The testing framework is the other piece I find genuinely interesting. You can write unit tests for questions-to-SQL, defining expected queries for given questions and tracking reliability metrics over time. This sounds unglamorous but it solves one of the biggest objections enterprise buyers have to AI-generated analytics: “how do I know the answers are right?” With nao, you can build a test suite that validates accuracy against known-good queries and catches regressions.

Deployment options include a web UI, Slack, Microsoft Teams, and self-hosted installations. The system supports Claude, Gemini, GPT, Mistral, Bedrock, and Ollama as LLM backends. SOC 2 certification is already in place.

Pricing is simple: free for the open-source core, $30 per seat per month for nao Pro.

The Verdict

I think nao is making the right architectural bet. The analytics agent products that will win are not the ones with the best SQL generation. They are the ones that understand the data environment deeply enough to generate correct SQL consistently. Context engineering is the right abstraction.
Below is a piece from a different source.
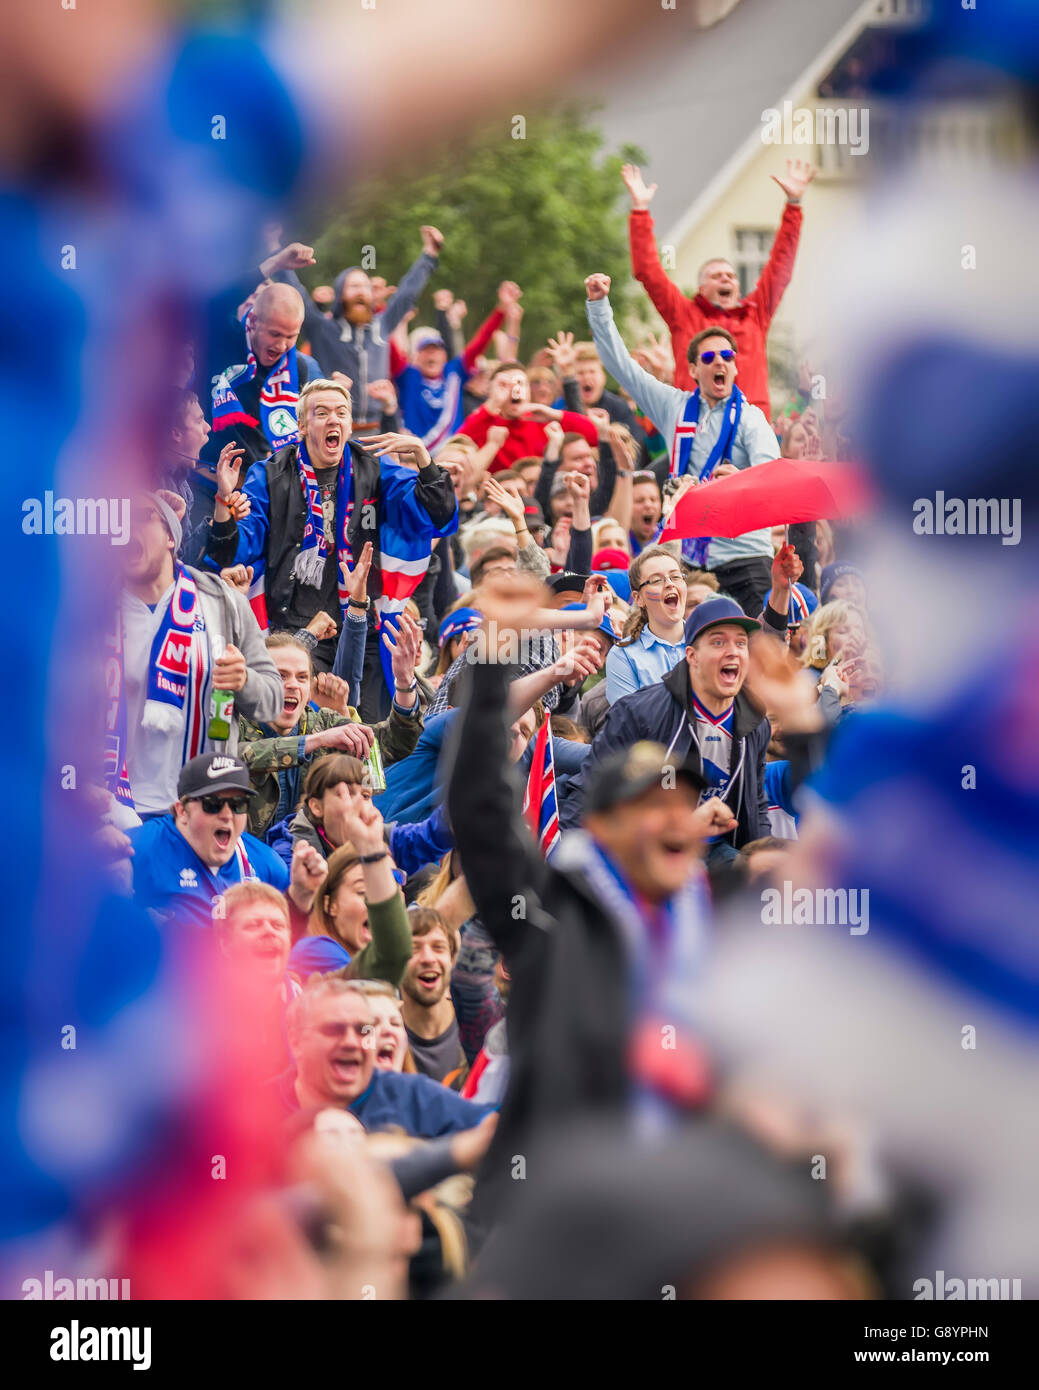 Massen in die Innenstadt von Reykjavik beobachten Island gegen England in der UEFA Euro 2016-Fußball-Turnier, Reykjavik, Island. Island 2: 1 gewonnen. 27. Juni 2016 Stockfoto
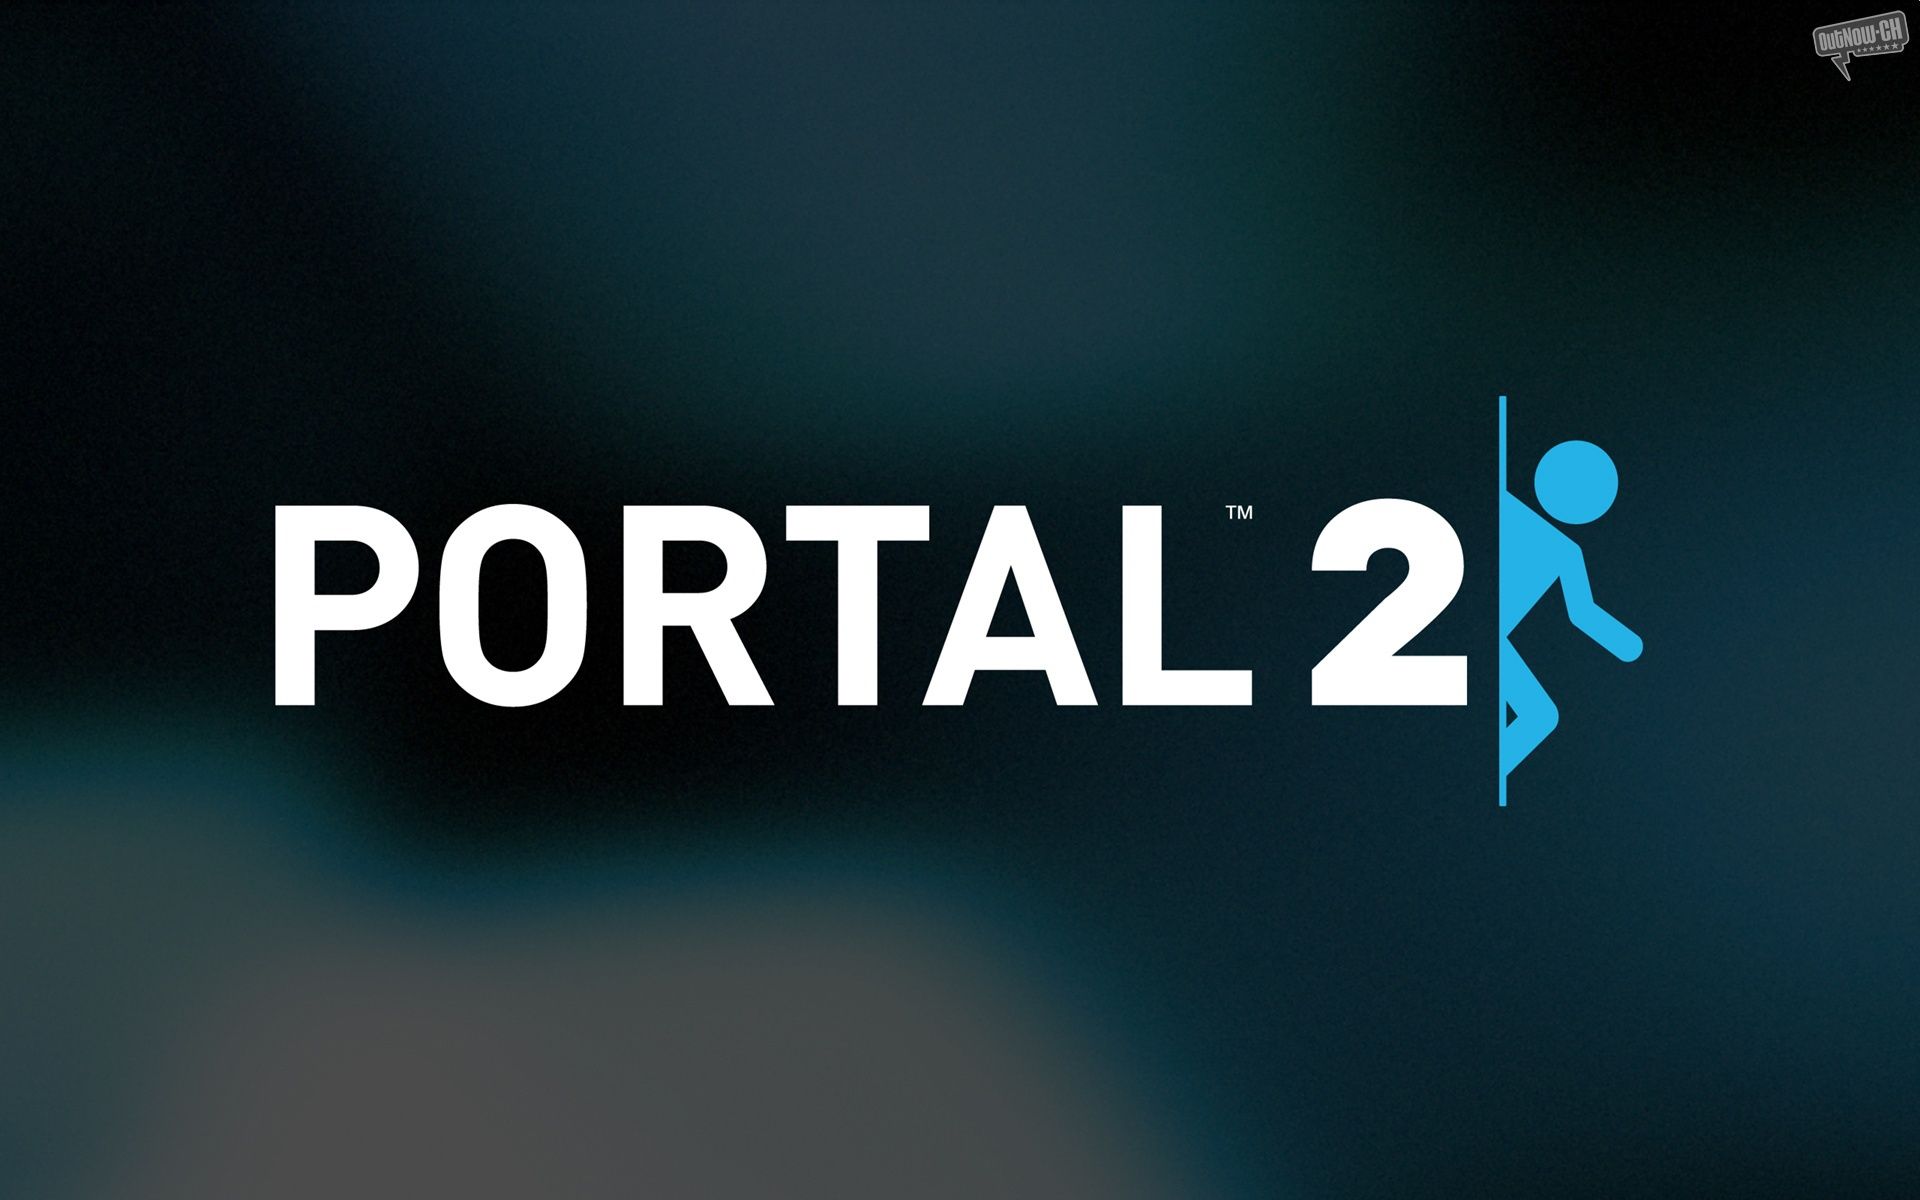 Portal 2 desktop PC and Mac wallpaper

What I would want to know at 30 days: how long does the context building process take for a real enterprise data stack? If it is a few hours of CLI work, that is a reasonable onboarding cost. If it takes weeks of manual curation, adoption will stall.

At 60 days: are companies using the testing framework? The test-driven approach to analytics agents is genuinely novel, and it is the kind of feature that could become a selling point for compliance-sensitive industries. But it only matters if people actually write the tests.

At 90 days: retention at $30 per seat. That is cheap enough for a team to try it without procurement approval, but it also means nao needs a lot of seats to build real revenue. The open-source to paid conversion rate will tell the story.

The founding team is exactly who you would want building this. Deep data engineering experience on both sides, enterprise exposure from the consulting world, and an open-source-first approach that gives them distribution advantages over closed-source competitors. The $30 price point is aggressive in a good way. It removes the objection and forces the product to sell itself on actual utility.

If the context engineering approach produces meaningfully better query accuracy than competitors who skip that step, nao has a real product. That is the whole bet, and I think it is a good one.